First I am using atof to convert a number that has two significant digits that I am reading from a text file (then I record them on a vector):

 // Puts into vector
  double ask_file, bid_file; // Values of ask and bid from file
  double cur_conversion = 0.16;
  ask_file = cur_conversion*atof(values[0].c_str()); 
  bid_file = cur_conversion*atof(values[1].c_str()); 

Then I am doing the arithmetic (from other class, two different objects):

diff = OKC->bid_val() - BV->ask_val(); // diff
diff2 = OKC->ask_val() - BV->bid_val(); // diff2

This is the output:

BV Askfile: 245.267 Bidfile: 245.078 
OKC Askfile: 248.82 Bidfile: 248.73 
diff: 3.4628 diff2: 3.7416

As you can see, there's an error on both calculations. diff = 3.463 and NOT 3.4628. And diff2 = 3.742 and NOT 3.7416.

Do you know what's going on??


Solution

  • The problem is that it is in general impossible to represent fractional decimal values exactly using binary floating point numbers. For example, 0.1 is represented as 1.000000000000000055511151231257827021181583404541015625E-1 when using double (you can use this online analyzer to determine the values). When computing with these rounded values the number of necessary binary digits will exceed those which can be represented and the value will be further rounded, introducing more error. Of course, all this is covered in Goldberg's paper pointed to by the comment of Ed Heal.

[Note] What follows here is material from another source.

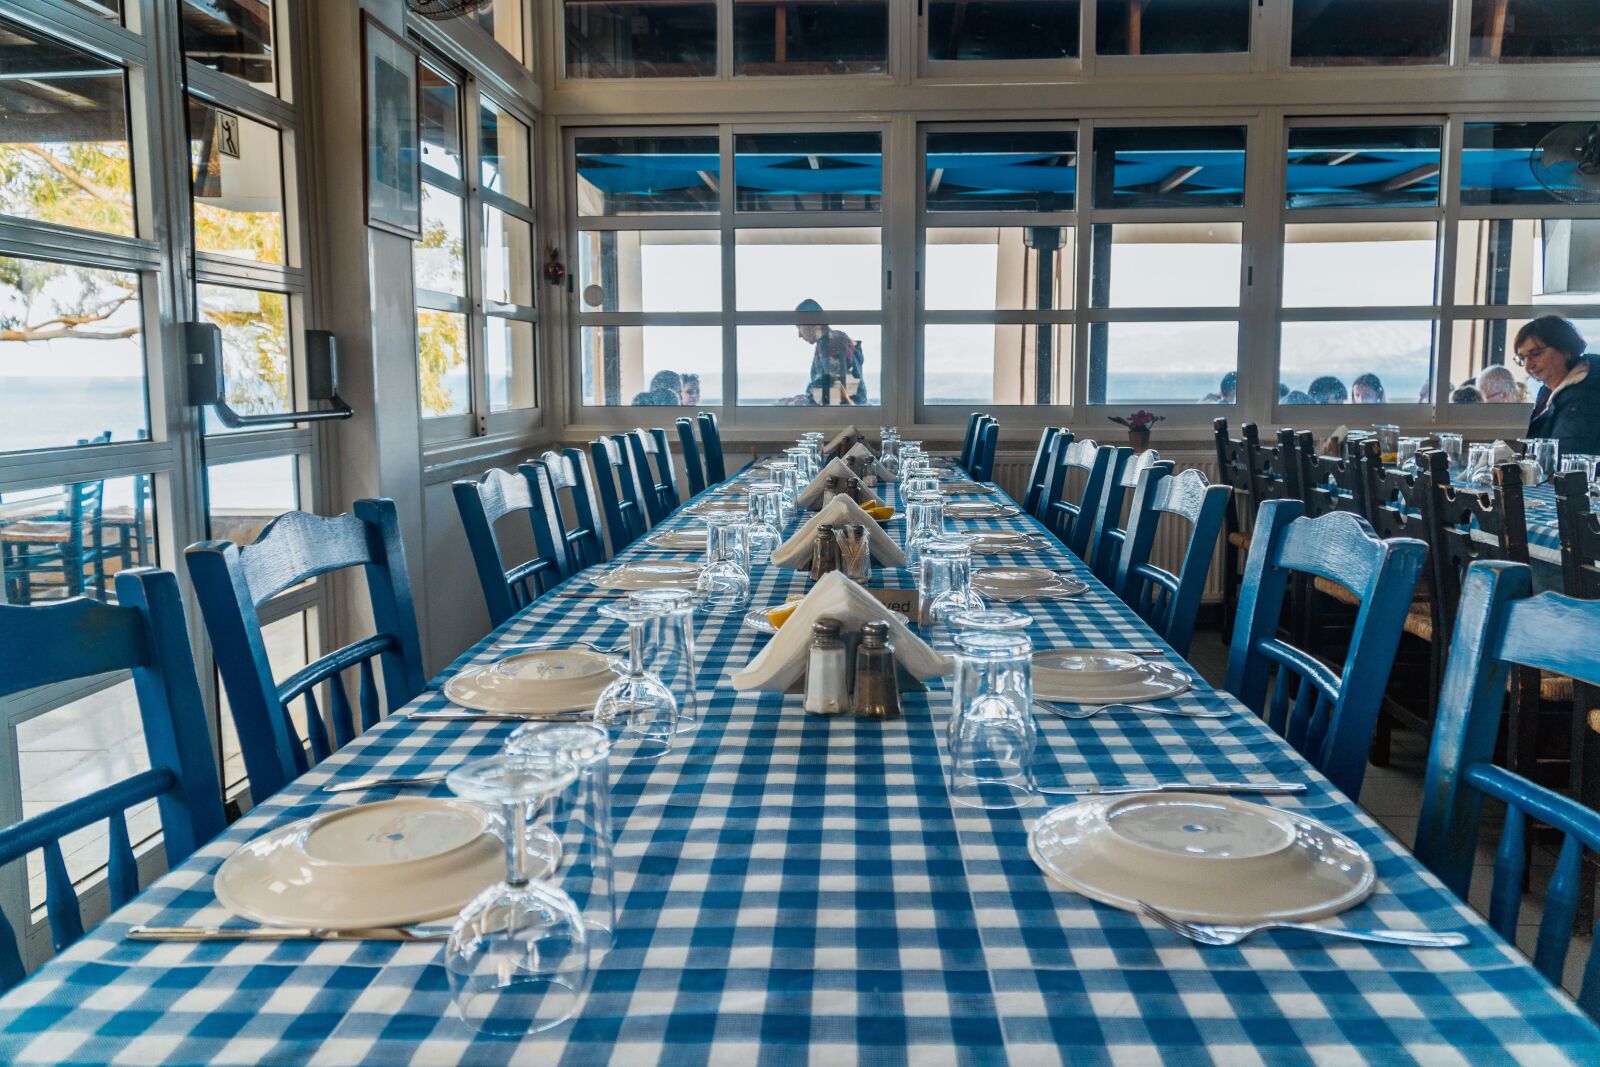 Sony a6500 sample photo. Greek, gedeckter table, tablecloth photography

    There are a number of alternative representation you can use to compute exactly with decimal values. Unless the representation uses an arbitrary sized representation it will be exactly only within some range of values. Typical choices are:

    1. Using a big integer representation together with a suitable decimal scaling.
    2. Strings (or BCDs) of digits.
    3. A fixed point representation which is basically just an integer together with a fixed decimal exponent where the exponent is implicit in the fixed point type (or, e.g., a template argument).
    4. Instead of using binary floating point you'd use decimal floating points. Floating points are just a representation of a sign, a significand, and an exponent with the value being computed as (-1)sign * significand * baseexponent. double uses a base of 2 but for decimal computations you'd use base 10.
    5. Using two big integers you could represent the value as a rational number.
    6. There are a couple of other choices but the above list is what I'd consider to be practical options.

    Depending on the choice of implementation different operations are more or less easy to implement and the exact operations vary. For example, except for the representation using rational operations divisions will always be rounded when the divisor cannot be represented as a product of 2 and 5.

    Which representation would work best for your application depends on your needs. If you have only trade prices in ranges typical for equities, a fixed point representation may work. If you need to cover all sorts of values you can encounter in finance, e.g., national debts as well as interest rates you'd need more than 64 bits for your fixed point representation and decimal floating point representation may be the better representation. Depending on whether you need to transfer and/or store the values a fixed size representation may not be required in which case the other representations may be a reasonable choice.